Since the 5.1 surround sound format is defined as a loudspeaker arrangement, there is no reason why surround material should not be captured with a Soundfield mic (or other Ambisonics-compatible mic array) and subsequently decoded into a form suitable for 5.1 replay.
That is precisely what Soundfield have to offer with their new SP451 Surround Processor. This 1U rackmount unit is, in effect, a dedicated decoder which accepts B‑format input signals from a Soundfield mic system (Mark V or ST250, for example) or a four-channel B‑format recording, and effectively produces the appropriate D‑format signals corresponding to a standardised 5.1 loudspeaker arrangement. Incidentally, it seems that people are beginning to describe this kind of output (ie. B‑format decoded to 5.1-compatible signals) as the G‑format.
The advantage of the G‑format is that Ambisonically recorded material can be played back within a 5.1 production without the need for a domestic Ambisonics decoder. However, the disadvantage over the original B‑format is the inability to decode the signal to accommodate any number of loudspeakers (in any position) — the speaker positions and numbers are defined by the nature of the 5.1 system — and there is no ability to resolve height information.
Whilst it is unlikely that Ambisonics will ever become a major release format in its own right — there are far too many vested interests in other discrete-channel formats — it is certainly far from outdated, and is actually showing every sign of becoming a significant and very flexible element in the origination and post-production of surround material. Not bad for a 30-something!
In Part 4, I will explain discrete-channel surround, focusing on 5.1 surround and DVD systems, as these seem to offer the greatest commercial potential at present.
Although it might not seem an obvious choice at first, there are a number of advantages to using the B‑format for the production of surround material. For a start, an Ambisonics system requires just four full-bandwidth channels, not five and a little bit (or seven, or more...)!

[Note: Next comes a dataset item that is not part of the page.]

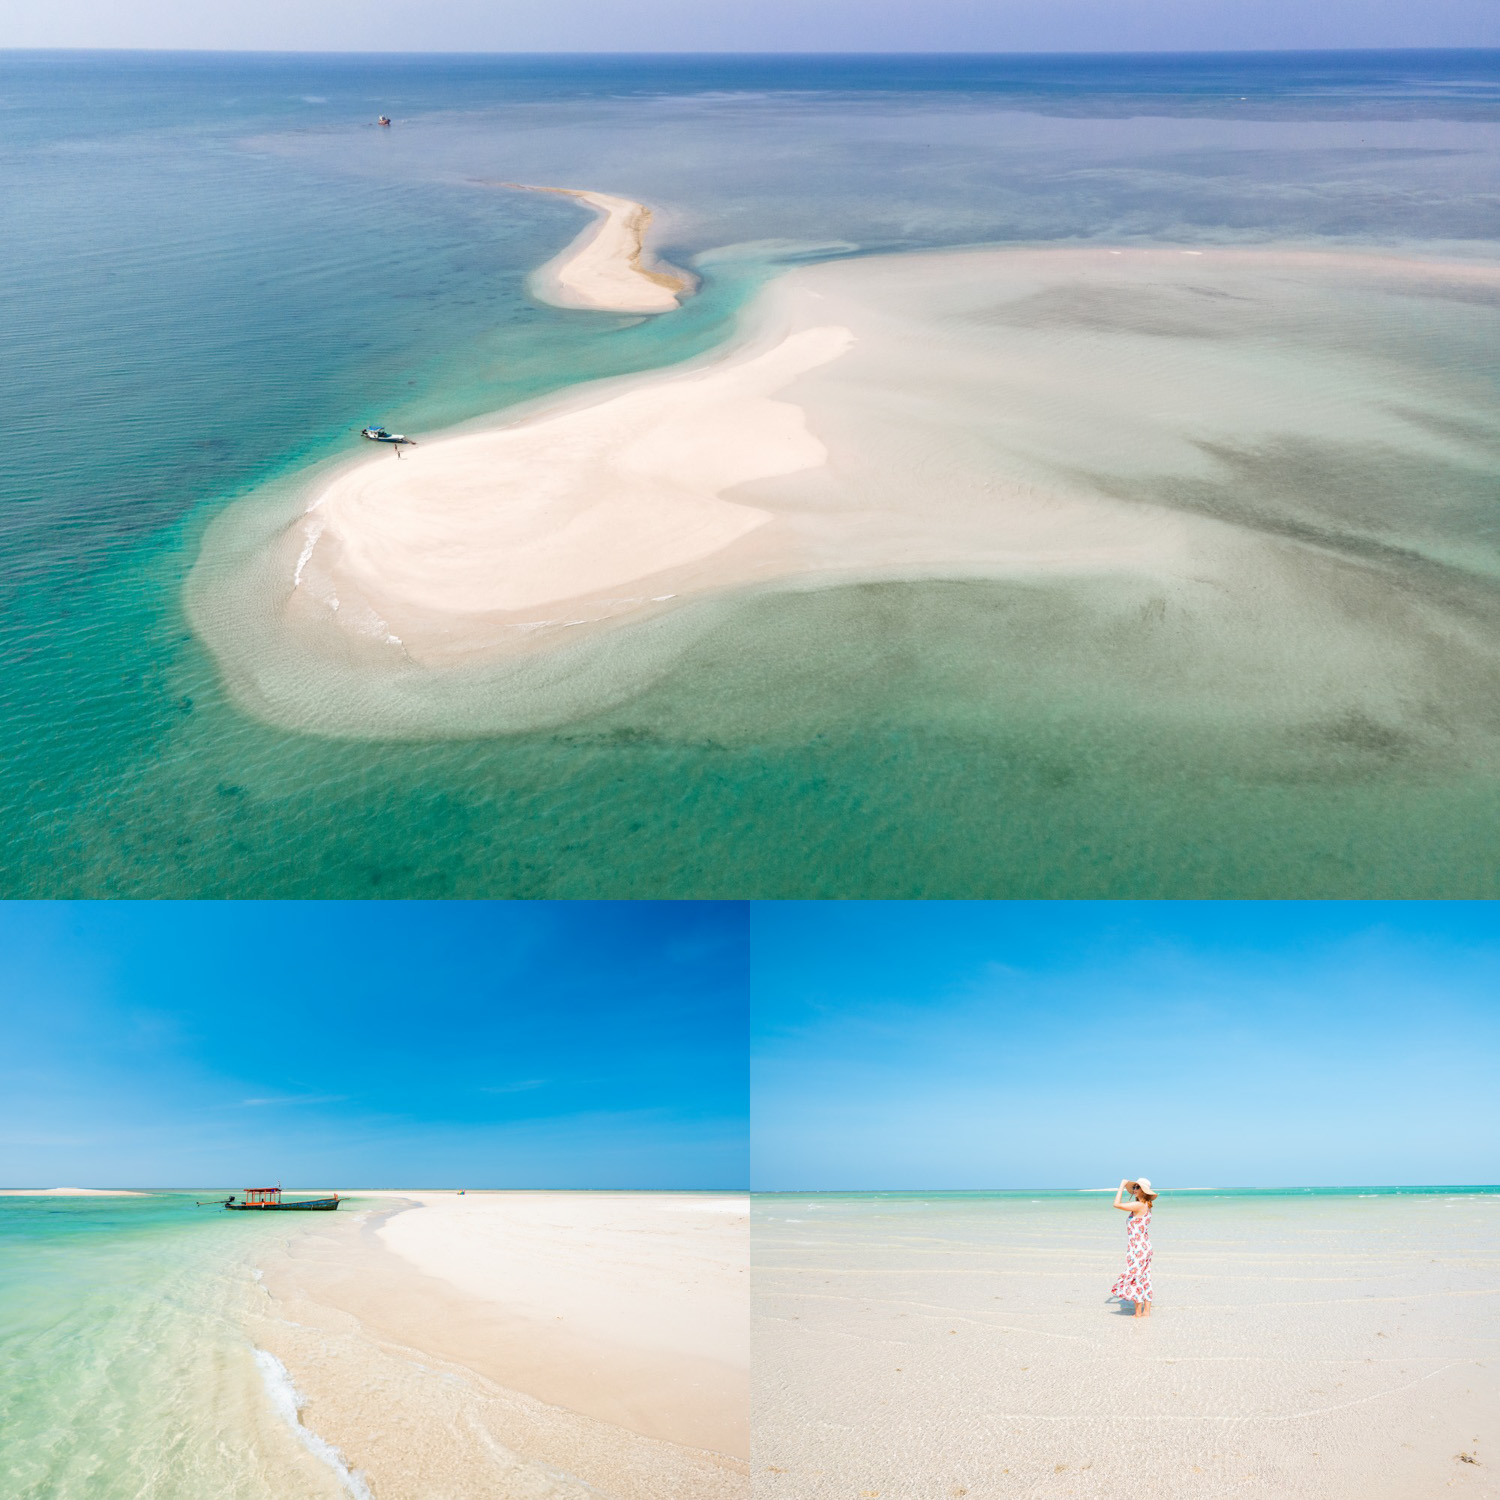 15 ชายหาดเขาหลัก-พังงา ทะเลสวย น้ำใส ทรายขาว อัพเดทใหม่ น่าไปเช็คอิน 2022
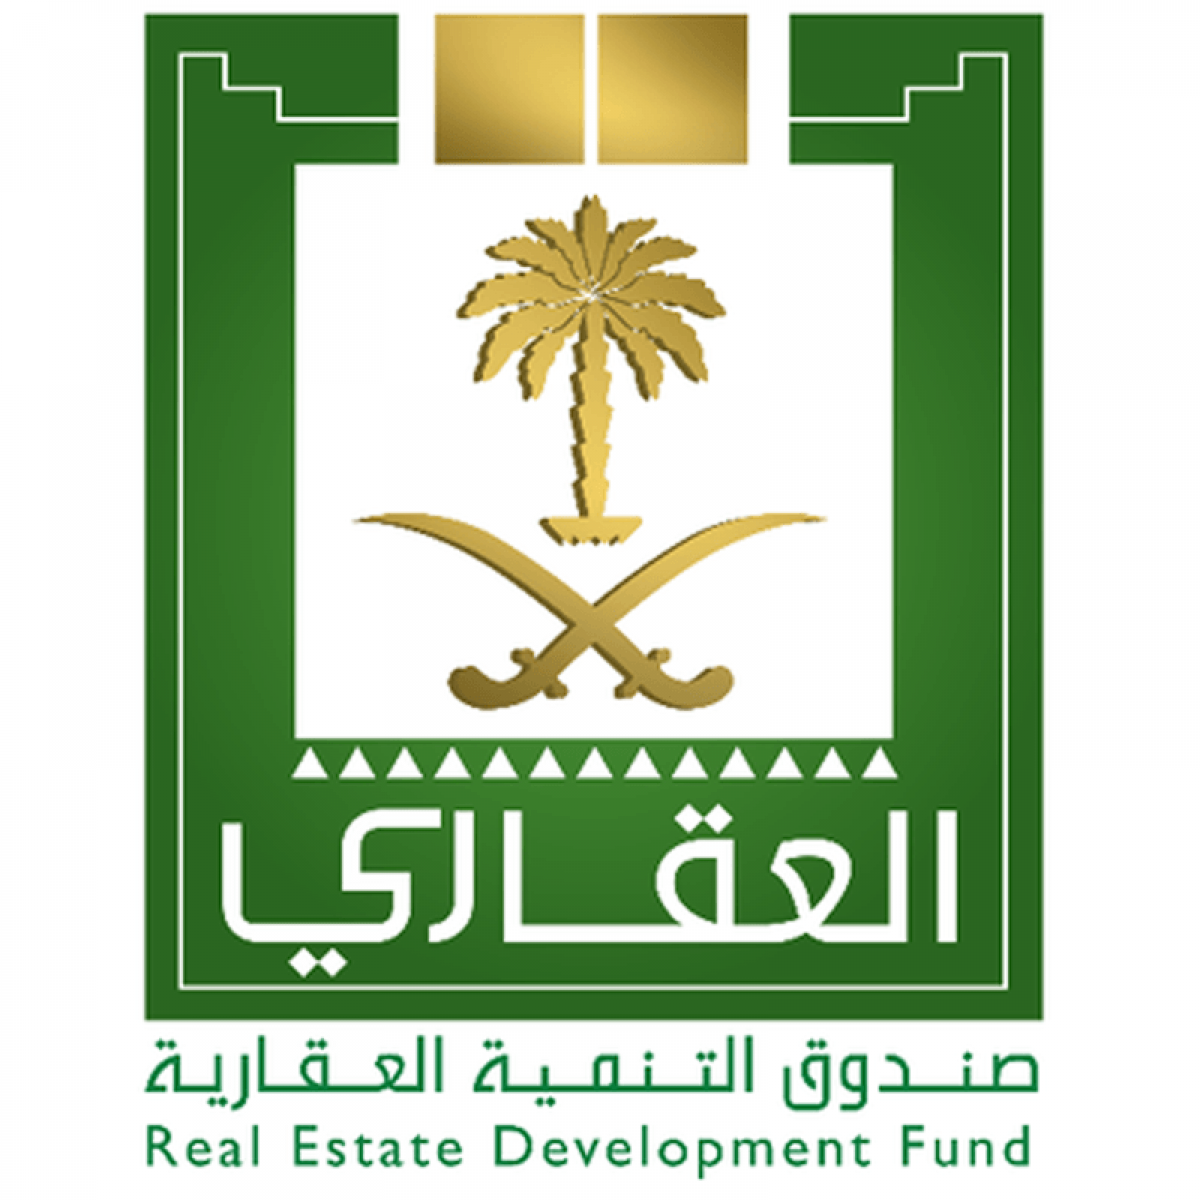 الاستعلام عن صندوق التنميه العقاري برقم الهوية في المملكة العربية السعودية

Secondly, the process of 'folding-down' multi-channel mixes to stereo and mono is much easier than with surround signals from spaced microphone arrangements, because B‑format signals' inherent time-coincidence means that there are no phase problems when the signals are combined.
Thirdly, the nature of the B‑format is that it is output-independent — in other words, a B‑format master can be decoded to suit any present or future loudspeaker configuration. The format only stores information about the original sound localisation, not its reproduction. Consequently, if the recently proposed 12-channel 10.2 loudspeaker format becomes fashionable in a few years, a B‑format master would only have to be passed through a suitable decoder to recondition the material.